Become a thought leader

The reason why all of this is important ties into Google's new strategy of authorship and socialisation. Put simply, Google is trying to do two things. The first is more closely tying authors to their content, and the second is ensuring results are more individualised.

That means you and a friend could type in the same search terms and come up with very different results.

Jim Stewart says this is exactly why businesses need to be creating content to help their SEO. This is one of the biggest ways to influence your rankings, he says, and yet few companies do it well because they don't have an idea of what "quality content" actually means.

"Obviously everyone wants to be ranked highly, but now you need to produce quality content that's worth sharing. That associates you as an author on Google, which will show up in search results."

"The more people share your content, the more they will see you as a thought leader."

And sharing on Google+ is exactly why having a profile is so important. The more your articles transfer between friendship "circles", the more likely that link is going to show up highly in native search results.

For example, a business selling cycling parts may write regularly blog posts on quality brands and parts. Having a Google+ account allows that business to then share those articles with its followers, who then share those articles with their own friends.

Eventually, having enough people share those links raises the rankings for those blog posts for terms such as "cycling parts" and "bicycle parts".

But as Stewart points out, this will only work if you create quality content rather than just putting stuff online that no one will read.

"When you hear the words 'thought leadership', you need to think about what that actually means. Think about what type of material you would want to read, and then share."

"The personalisation of search is going to be really important. That means making sure your content is published and linkable by all your followers is extremely important."

And a few other things...

Apart from these major improvements, experts say you should be targeting a few different things – and mobile is at the top of the list.

"Mobile is going through the roof," says Heubsch. "Over half of people over 18 have a smartphone which is obviously optimised for the internet, and yet people don't have sites that are mobile optimised."

You may not think this is important now, but as Heubsch points out, Google favours sites that are mobile friendly.

"That was true last year, and the year before, and it's becoming even more prominent now. So you need to get on that."

The other advantage you need is YouTube. Opening all areas of access is critical, and that includes video as Google offers video results at the top of normal search results pages. Just as businesses are using blog posts to position themselves as thought leaders, doing so with video is critical as well."

"The next frontier of search and creation will be about generating video," Thomas says. "The current younger generation of internet users, it's natural to them and so you need to be using YouTube and other video to get that audience."

YouTube is optimising for this as well, releasing a suite of analytics tools that allows creators to judge exactly when and where users are leaving their videos, where they are watching them – anything you would expect from an analytics suite.

But despite all this, there are questions to be asked about how relevant SEO will become in the future. As Heubsch points out, the creation of mobile apps is impacting SEO in a way some in the industry hadn't anticipated.

"The question is whether the web could eventually be replaced by apps.

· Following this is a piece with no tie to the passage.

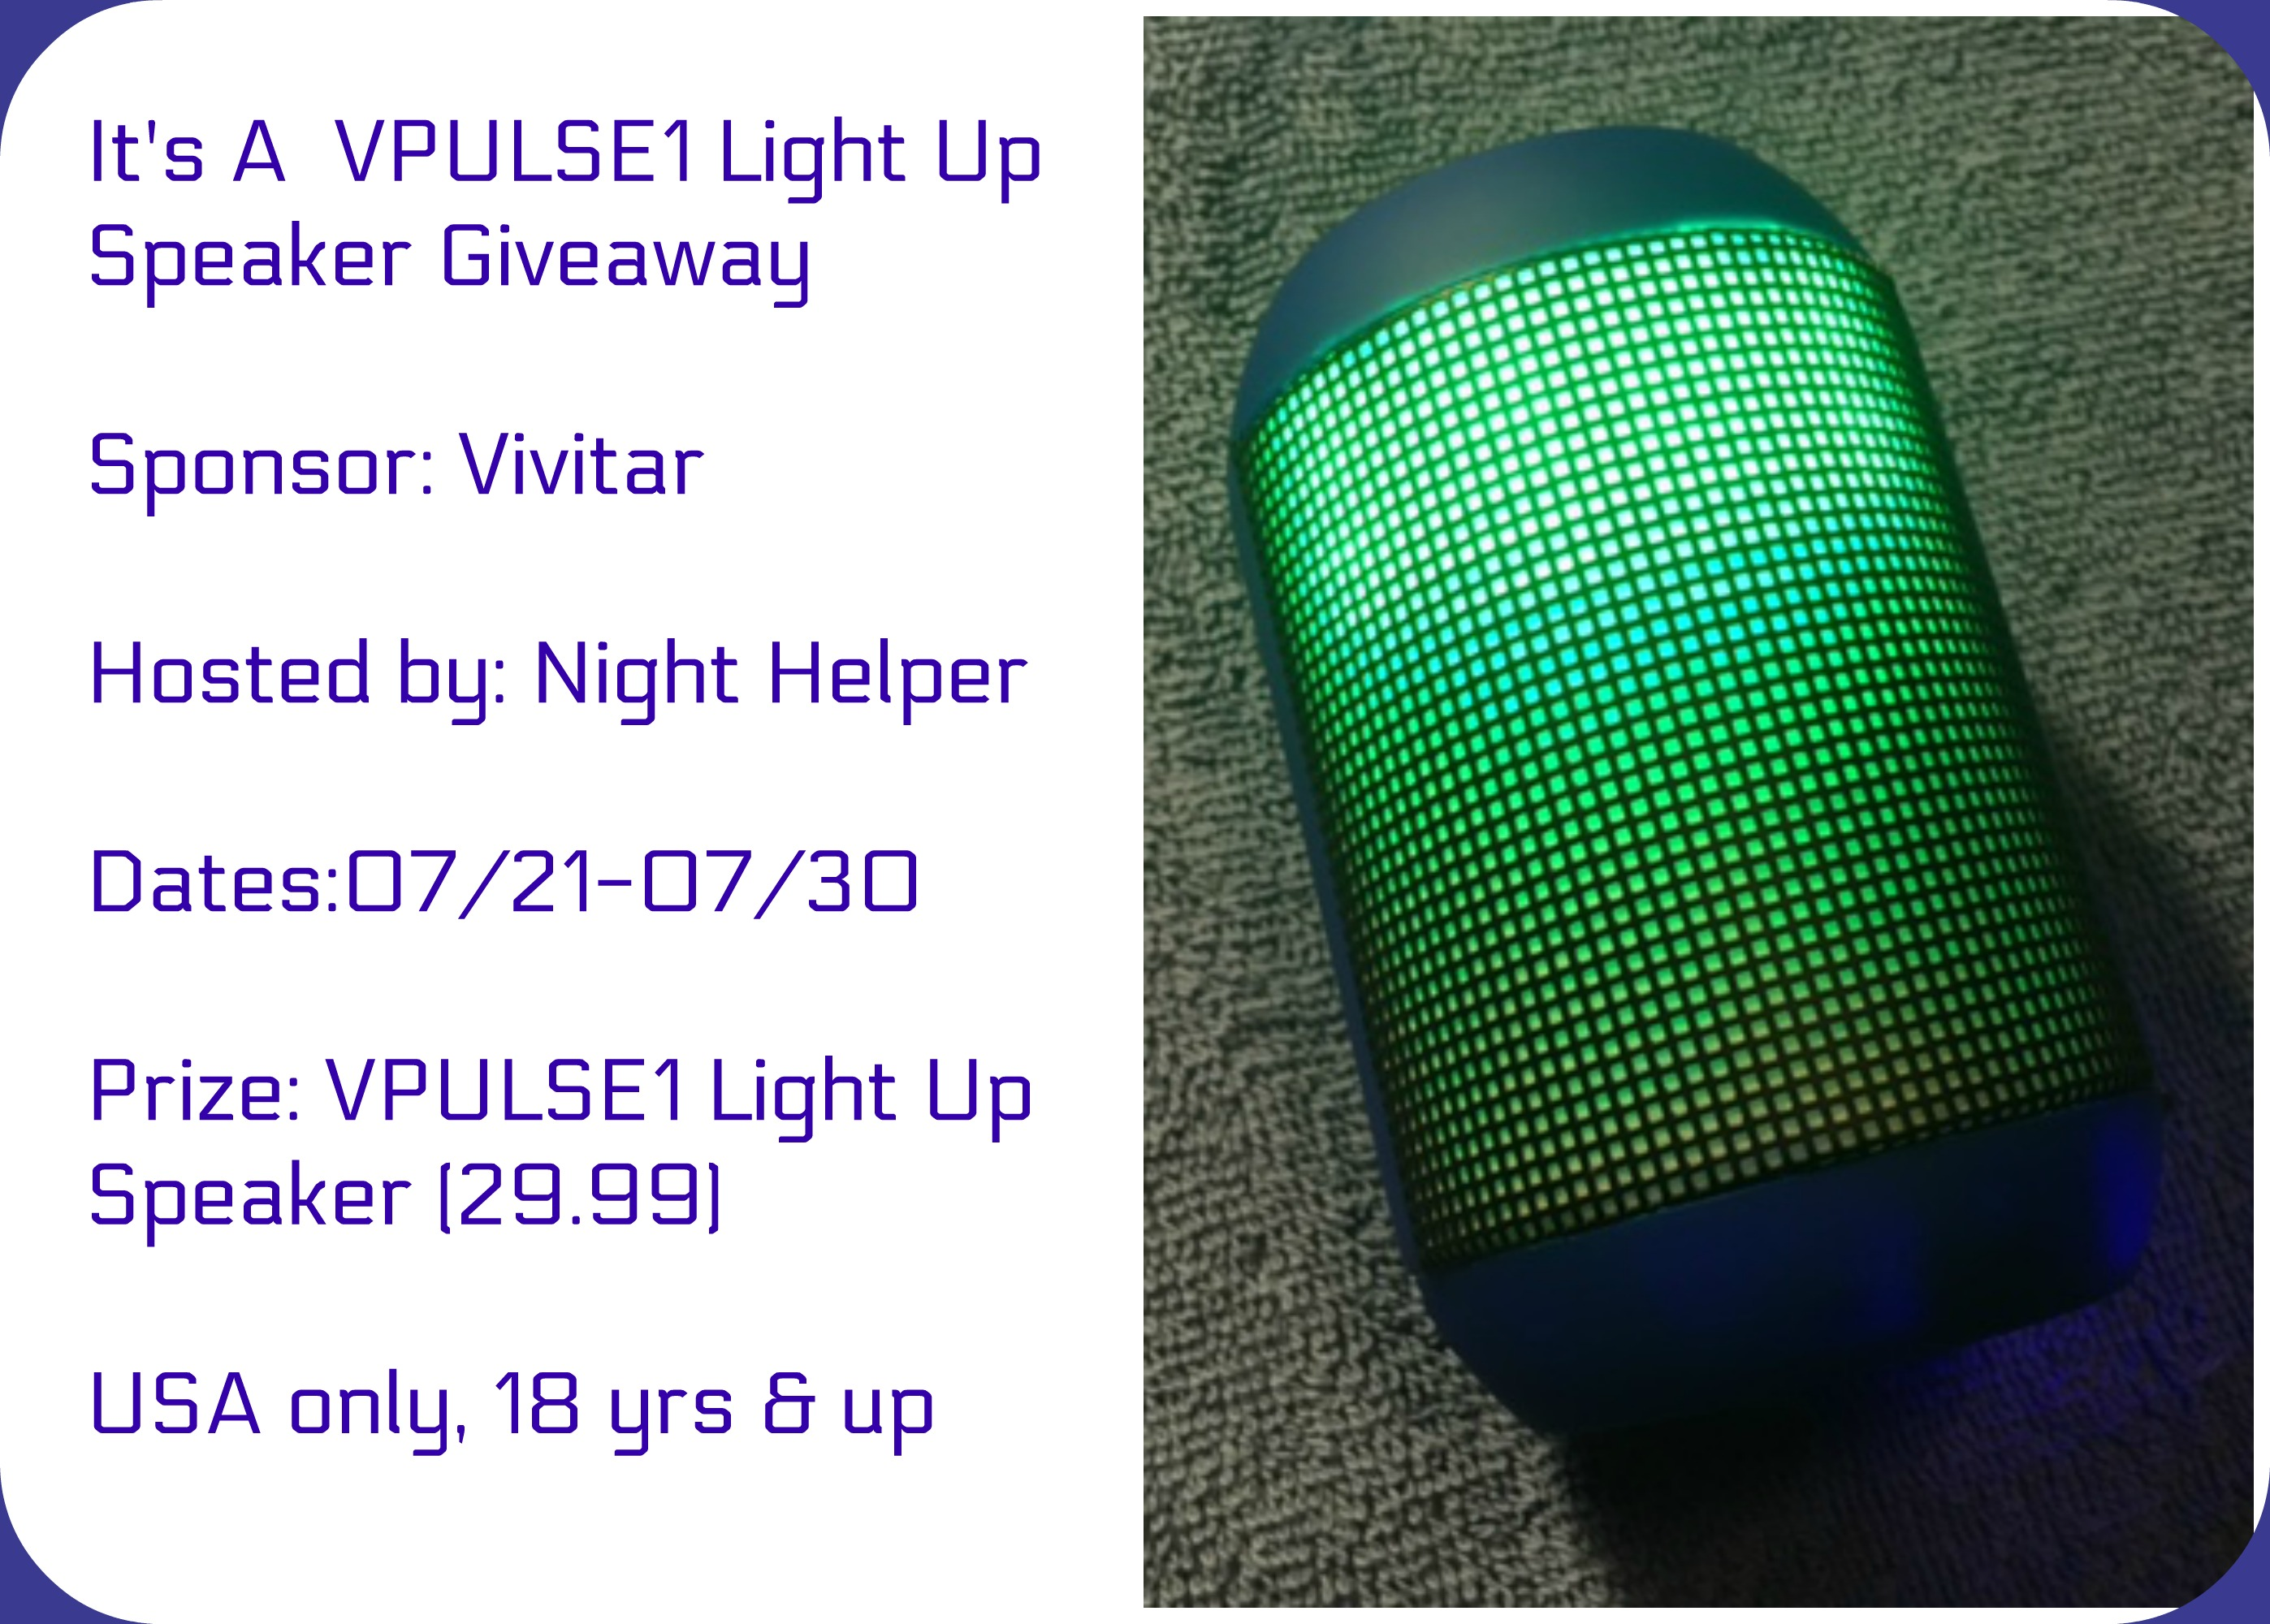 It's A VPULSE1 Light Up Speaker Giveaway

Instead of having people go to websites now, many apps are replicating this function."

"There is new data that shows users in Britain, France and Germany are now starting to spend more time on their phones than on the desktop. It's a given you have to be optimised for phones now."

But Heubsch is unsure whether apps will eventually kill the need for dedicated sites or whether they will just become another requirement.

"I'm not smart enough to answer that question, but it's one we should definitely be thinking about."